*Aim of the exercise*. The entries that follow include a run beginning at the line with "Комбинезон для собак Dogmoda Зима, для" and ending at the line with "Tiffany_+_Matthew_-_Wedding_Album_07.jpg"; restate that run word for word and leave the rest out.

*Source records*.
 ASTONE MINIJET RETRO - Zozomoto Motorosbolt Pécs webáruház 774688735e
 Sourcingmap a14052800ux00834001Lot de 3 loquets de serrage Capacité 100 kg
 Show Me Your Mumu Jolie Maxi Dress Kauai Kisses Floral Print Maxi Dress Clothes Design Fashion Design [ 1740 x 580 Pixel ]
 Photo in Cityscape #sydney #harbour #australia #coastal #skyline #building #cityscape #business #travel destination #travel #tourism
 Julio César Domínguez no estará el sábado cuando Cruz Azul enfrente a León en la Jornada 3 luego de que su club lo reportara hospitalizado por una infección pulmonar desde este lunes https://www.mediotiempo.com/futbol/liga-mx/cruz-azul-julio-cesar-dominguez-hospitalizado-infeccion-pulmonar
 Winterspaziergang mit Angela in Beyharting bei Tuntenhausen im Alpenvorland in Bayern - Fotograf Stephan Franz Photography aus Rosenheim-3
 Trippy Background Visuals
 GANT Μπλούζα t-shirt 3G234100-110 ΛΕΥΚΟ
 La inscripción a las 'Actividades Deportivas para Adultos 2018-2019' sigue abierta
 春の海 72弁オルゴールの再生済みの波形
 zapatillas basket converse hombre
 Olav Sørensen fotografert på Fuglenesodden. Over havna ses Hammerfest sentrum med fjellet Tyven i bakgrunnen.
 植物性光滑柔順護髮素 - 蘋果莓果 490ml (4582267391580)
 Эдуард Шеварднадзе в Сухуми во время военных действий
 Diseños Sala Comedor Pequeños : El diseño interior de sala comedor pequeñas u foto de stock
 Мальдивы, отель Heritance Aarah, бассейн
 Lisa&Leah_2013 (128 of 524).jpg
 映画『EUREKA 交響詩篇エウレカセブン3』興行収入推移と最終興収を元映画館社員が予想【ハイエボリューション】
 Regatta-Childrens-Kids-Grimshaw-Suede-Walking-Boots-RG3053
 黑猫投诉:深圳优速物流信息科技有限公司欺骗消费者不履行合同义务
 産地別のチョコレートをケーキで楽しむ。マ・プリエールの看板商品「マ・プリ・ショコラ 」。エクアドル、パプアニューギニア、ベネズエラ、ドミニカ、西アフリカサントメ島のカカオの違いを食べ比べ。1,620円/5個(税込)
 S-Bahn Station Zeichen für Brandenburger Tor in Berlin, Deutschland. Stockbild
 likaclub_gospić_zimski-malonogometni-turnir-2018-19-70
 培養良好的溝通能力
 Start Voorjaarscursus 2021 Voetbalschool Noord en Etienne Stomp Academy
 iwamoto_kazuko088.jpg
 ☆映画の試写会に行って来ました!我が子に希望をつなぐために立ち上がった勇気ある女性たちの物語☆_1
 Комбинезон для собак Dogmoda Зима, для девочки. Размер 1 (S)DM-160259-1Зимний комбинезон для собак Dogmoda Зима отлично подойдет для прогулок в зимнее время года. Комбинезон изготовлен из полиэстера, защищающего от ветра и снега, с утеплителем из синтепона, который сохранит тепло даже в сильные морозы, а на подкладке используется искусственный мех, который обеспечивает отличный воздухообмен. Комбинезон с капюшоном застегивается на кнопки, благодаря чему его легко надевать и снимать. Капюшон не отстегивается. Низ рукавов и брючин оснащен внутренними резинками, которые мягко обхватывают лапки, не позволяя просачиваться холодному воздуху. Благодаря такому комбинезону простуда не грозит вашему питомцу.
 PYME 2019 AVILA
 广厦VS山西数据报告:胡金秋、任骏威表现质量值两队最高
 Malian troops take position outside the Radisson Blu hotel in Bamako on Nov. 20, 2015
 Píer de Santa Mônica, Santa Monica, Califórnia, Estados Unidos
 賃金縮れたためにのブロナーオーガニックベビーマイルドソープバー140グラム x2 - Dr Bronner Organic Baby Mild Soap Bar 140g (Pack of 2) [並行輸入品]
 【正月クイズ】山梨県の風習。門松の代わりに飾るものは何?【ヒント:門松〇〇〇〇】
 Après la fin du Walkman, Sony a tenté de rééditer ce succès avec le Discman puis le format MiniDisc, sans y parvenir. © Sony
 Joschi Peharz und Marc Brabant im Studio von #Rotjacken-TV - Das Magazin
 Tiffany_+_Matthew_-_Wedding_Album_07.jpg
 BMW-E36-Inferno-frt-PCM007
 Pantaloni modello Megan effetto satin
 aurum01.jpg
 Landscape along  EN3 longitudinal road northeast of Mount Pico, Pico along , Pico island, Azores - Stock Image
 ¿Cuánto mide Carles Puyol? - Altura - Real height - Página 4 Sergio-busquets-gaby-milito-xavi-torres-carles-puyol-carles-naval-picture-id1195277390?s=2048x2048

*Response below*.
 Комбинезон для собак Dogmoda Зима, для девочки. Размер 1 (S)DM-160259-1Зимний комбинезон для собак Dogmoda Зима отлично подойдет для прогулок в зимнее время года. Комбинезон изготовлен из полиэстера, защищающего от ветра и снега, с утеплителем из синтепона, который сохранит тепло даже в сильные морозы, а на подкладке используется искусственный мех, который обеспечивает отличный воздухообмен. Комбинезон с капюшоном застегивается на кнопки, благодаря чему его легко надевать и снимать. Капюшон не отстегивается. Низ рукавов и брючин оснащен внутренними резинками, которые мягко обхватывают лапки, не позволяя просачиваться холодному воздуху. Благодаря такому комбинезону простуда не грозит вашему питомцу.
 PYME 2019 AVILA
 广厦VS山西数据报告:胡金秋、任骏威表现质量值两队最高
 Malian troops take position outside the Radisson Blu hotel in Bamako on Nov. 20, 2015
 Píer de Santa Mônica, Santa Monica, Califórnia, Estados Unidos
 賃金縮れたためにのブロナーオーガニックベビーマイルドソープバー140グラム x2 - Dr Bronner Organic Baby Mild Soap Bar 140g (Pack of 2) [並行輸入品]
 【正月クイズ】山梨県の風習。門松の代わりに飾るものは何?【ヒント:門松〇〇〇〇】
 Après la fin du Walkman, Sony a tenté de rééditer ce succès avec le Discman puis le format MiniDisc, sans y parvenir. © Sony
 Joschi Peharz und Marc Brabant im Studio von #Rotjacken-TV - Das Magazin
 Tiffany_+_Matthew_-_Wedding_Album_07.jpg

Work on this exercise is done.